An Agassiz couple has received awards from Softball BC for their longtime dedication to softball. Bob Cochrane (left) has umpired fast and slo-pitch for 40 years and Terree Cochrane for 10. The pair have umpired on provincial, national and even international levels, umpiring in Europe and South America. (Nina Grossman/The Observer)

An Agassiz couple has received awards from Softball BC for their longtime dedication to softball. Bob Cochrane (left) has umpired fast and slo-pitch for 40 years and Terree Cochrane for 10. The pair have umpired on provincial, national and even international levels, umpiring in Europe and South America. (Nina Grossman/The Observer)

Agassiz umpires win prestigous Softball BC awards

Umpiring is a job that tends to get more hate than love, which is why two Agassiz-based softball umpires are on cloud nine after receiving awards from Softball BC for their longtime careers in blue.

  • Sep. 29, 2018 12:00 a.m.

Umpiring is a job that tends to get more hate than love, which is why two Agassiz-based softball umpires are on cloud nine after receiving awards from Softball BC for their longtime careers in blue.

Terree and Bob Cochrane have been ‘umping’ fast and slo-pitch softball in BC, Canada and overseas over the last decade.

This year, Terree was awarded ‘Official of the Year’ and Bob given the ‘Senior Umpire Service Award’ from Softball BC, an honour the pair can hardly put into words.

“It’s huge,” said Terree. “This award makes up for all the times that I’ve been yelled at,” she said.

Bob Cochrane’s career started in the Sardis area of Chilliwack, where he grew up playing ball with family and friends.

“Sunday on the farm we’d play baseball. All the family would be out there on the side lawn…all the aunts and uncles played and all the cousins, the Native kids we grew up with across the street, we had our own ball field.”

Those early days of ball turned into a lifelong passion when Cochrane started playing on leagues with friends.

Chilliwack Progress archives dating back to the late ’70s cover Cochrane’s career as an athlete, playing baseball on local teams – mainly his name appears as the hero of the game, making winning plays on the field.

By the early ’90s, Cochrane was an established umpire. It wasn’t long before Cochrane was ‘umping’ for leagues around the Fraser Valley, and in his later years umpiring national championships and provincials.

Meanwhile, Terree, a single mother, hadn’t played ball since she was a teen but was contemplating coaching her daughter’s fastpitch team.

“They had 14 girls who wanted to play and no coach,” she recalled. “I said, ‘I can’t coach, I don’t know anything, I haven’t played since I was 14.'”

She was hesitant, but her daughter’s league agreed to send her to an umpire course, and before long she wasn’t just coaching, she was umpiring minor league fastpitch in the Chilliwack area.

“I umped and did really well at it.
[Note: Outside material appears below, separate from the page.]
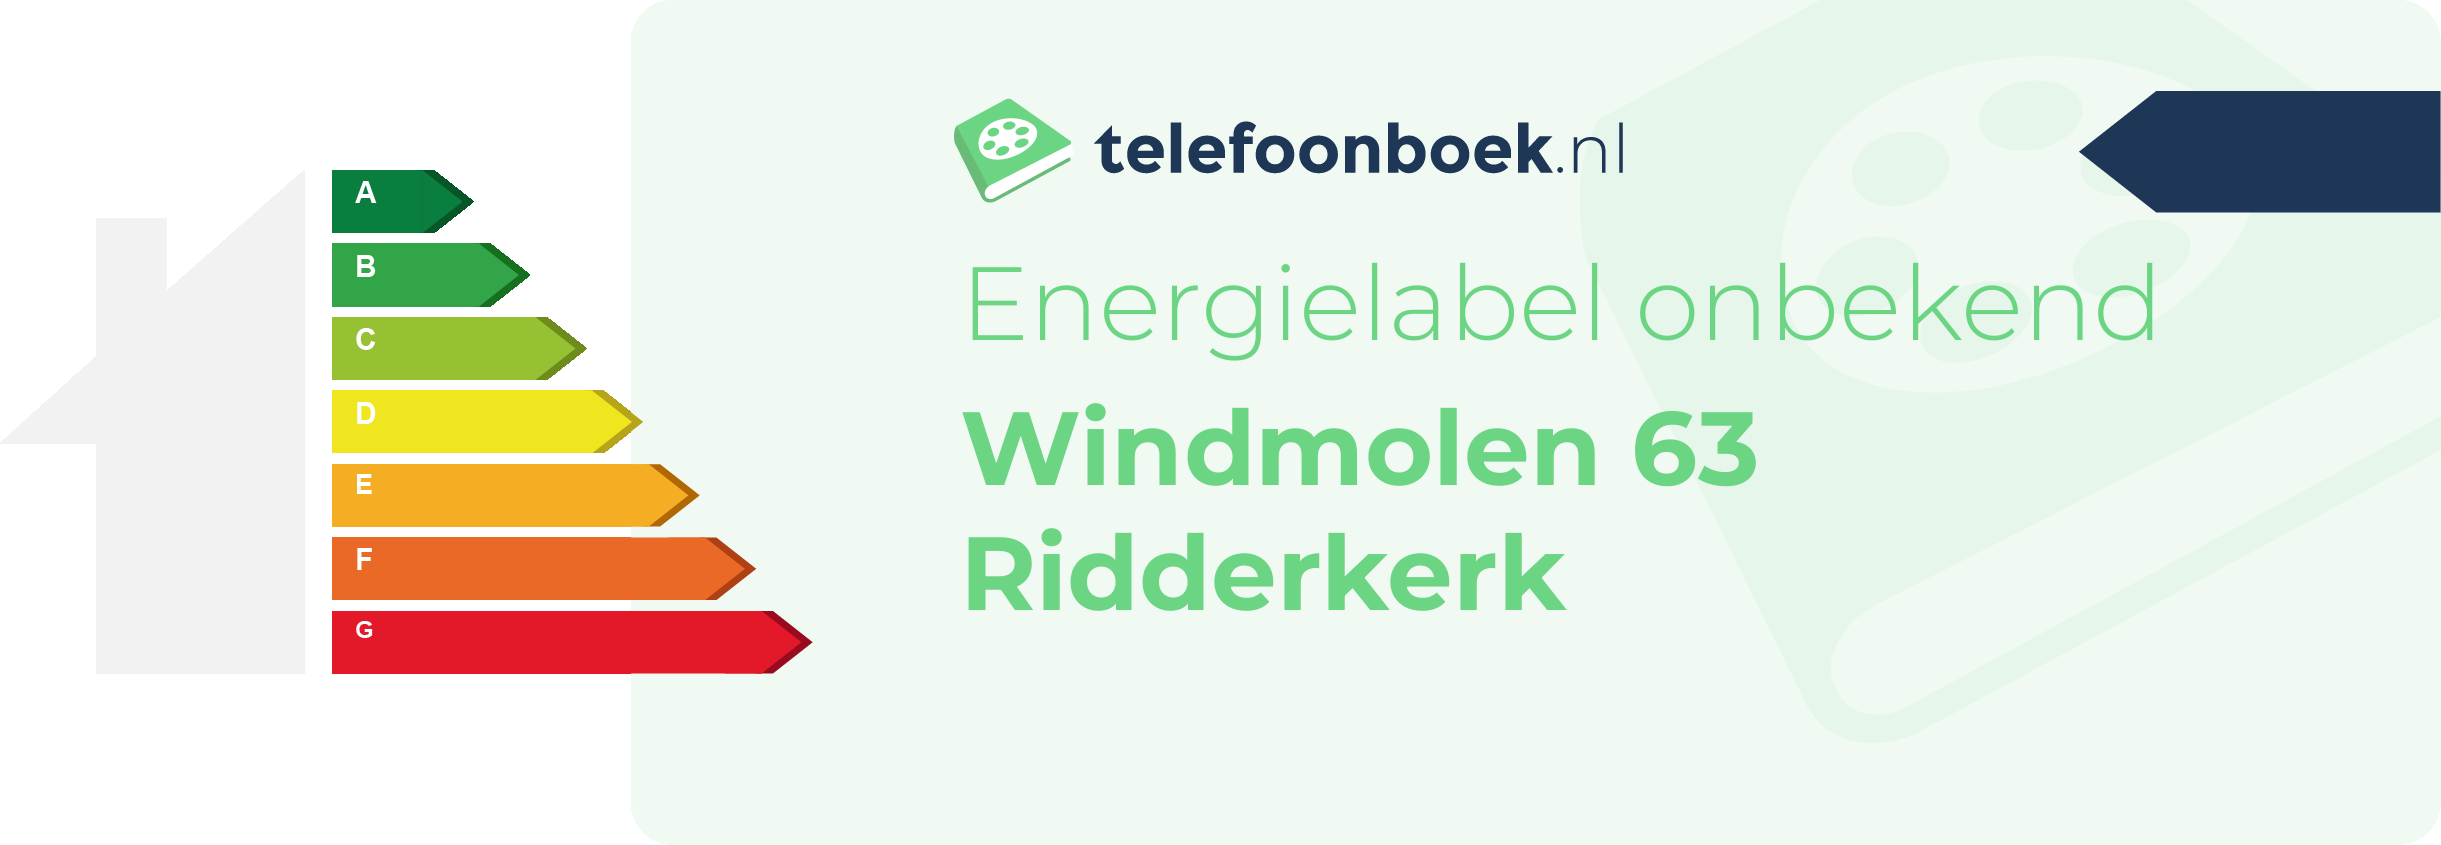 Energielabel Windmolen 63 Ridderkerk

It just clicked,” she said.

She remembers umpiring her first official slo-pitch ladies league game and being intimidated by the advanced teams.
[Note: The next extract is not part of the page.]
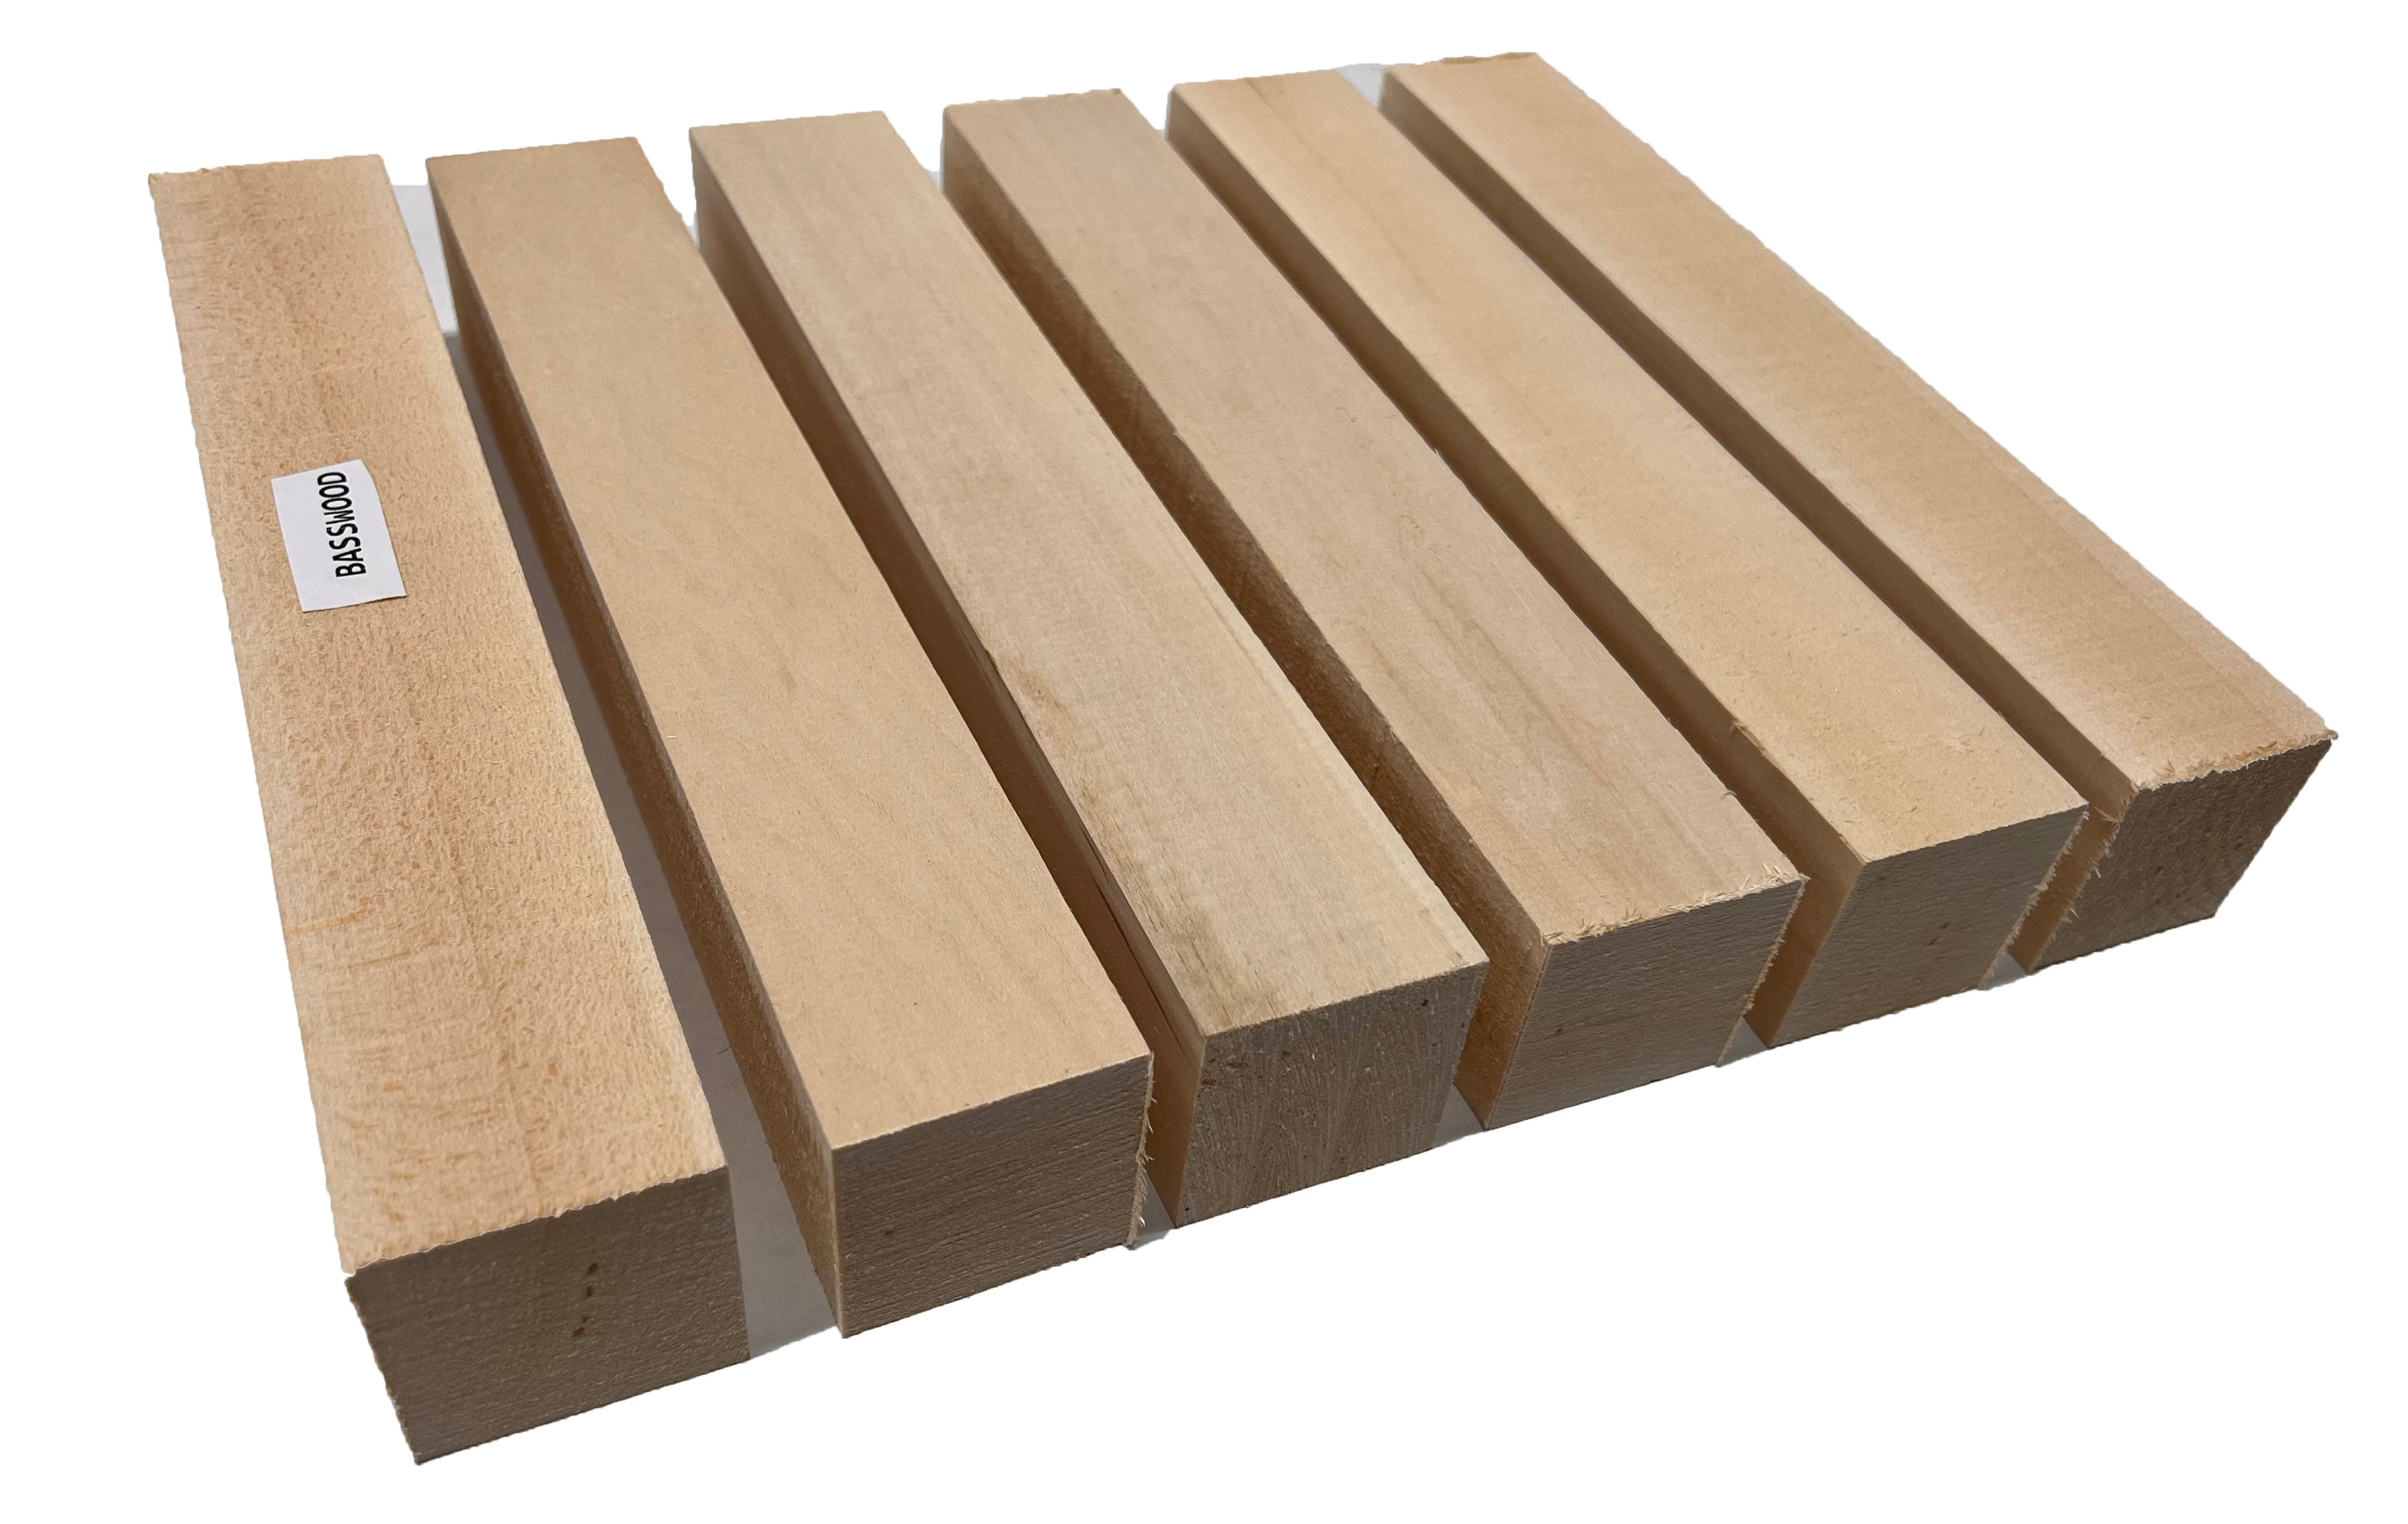 Tablero de tilo para tallar, madera en blanco para tallar madera,  decoración, scrapbooking

When the back catcher asked Terree where she was from, she mentioned she had only umpired minor league games.

Terree says she’ll always remember how the back catcher replied: “Blue, we’re just minor ball kids who can drive ourselves to the games.”

“It relaxed me right away,” she said with a smile.

An umpire power couple

Not surprisingly, Bob and Terree met through umpiring, and both agree that the marriage is rooted in their mutual dedication to the game.

And they have each other’s backs, something that helps them both deal with the onslaught of backlash they, like most umpires, endure on the job.

Does Terree get treated differently as a female umpire? They both nod without hesitation.

“‘I’d call him and say, ‘I quit, they said I’m horrible.’ And he’d say, ‘no, no,’ let me talk to them,'” remembers Terree.

The couple agree that umpiring requires authority, conviction and the ability to shut down an unruly team.

“I always say, ‘Coach do you want to talk to [your team] or do you want me to talk to them? cause you won’t like it if I do it,'” said Cochrane. “There’s a game being played within this game, once you figure that out, it’s easier to umpire. Just know that they’re working you, and that’s what you should be looking out for.”

Under Cochrane’s direction, Terree has learned to put her foot down too.

“We’re officials, we call what we see,” she said. I don’t care if they won 30-0… we just yell what we see…Sometimes it just takes a stern: ‘That’s enough’ or ‘Coach this is your warning,'” she added. “If they swear right at you, they’re gone, off the field.”

Bob Cochrane is now semi-retired, but still umpiring. And after 38 years as a carrier with Canada Post, Terree is about to retire and wear her blue umpire uniform more than she ever has. She’s hoping to umpire fast pitch at the Canada Cup, and says the award will push her to do even more with her ball career.

“We’d like to be really humble…but this is huge.” says Terree, doing a little dance.

“It goes unrecognized. It’s like any job, what you get credit for are the bad things. Nobody phones when you’ve do a great job. So to be chosen is huge.”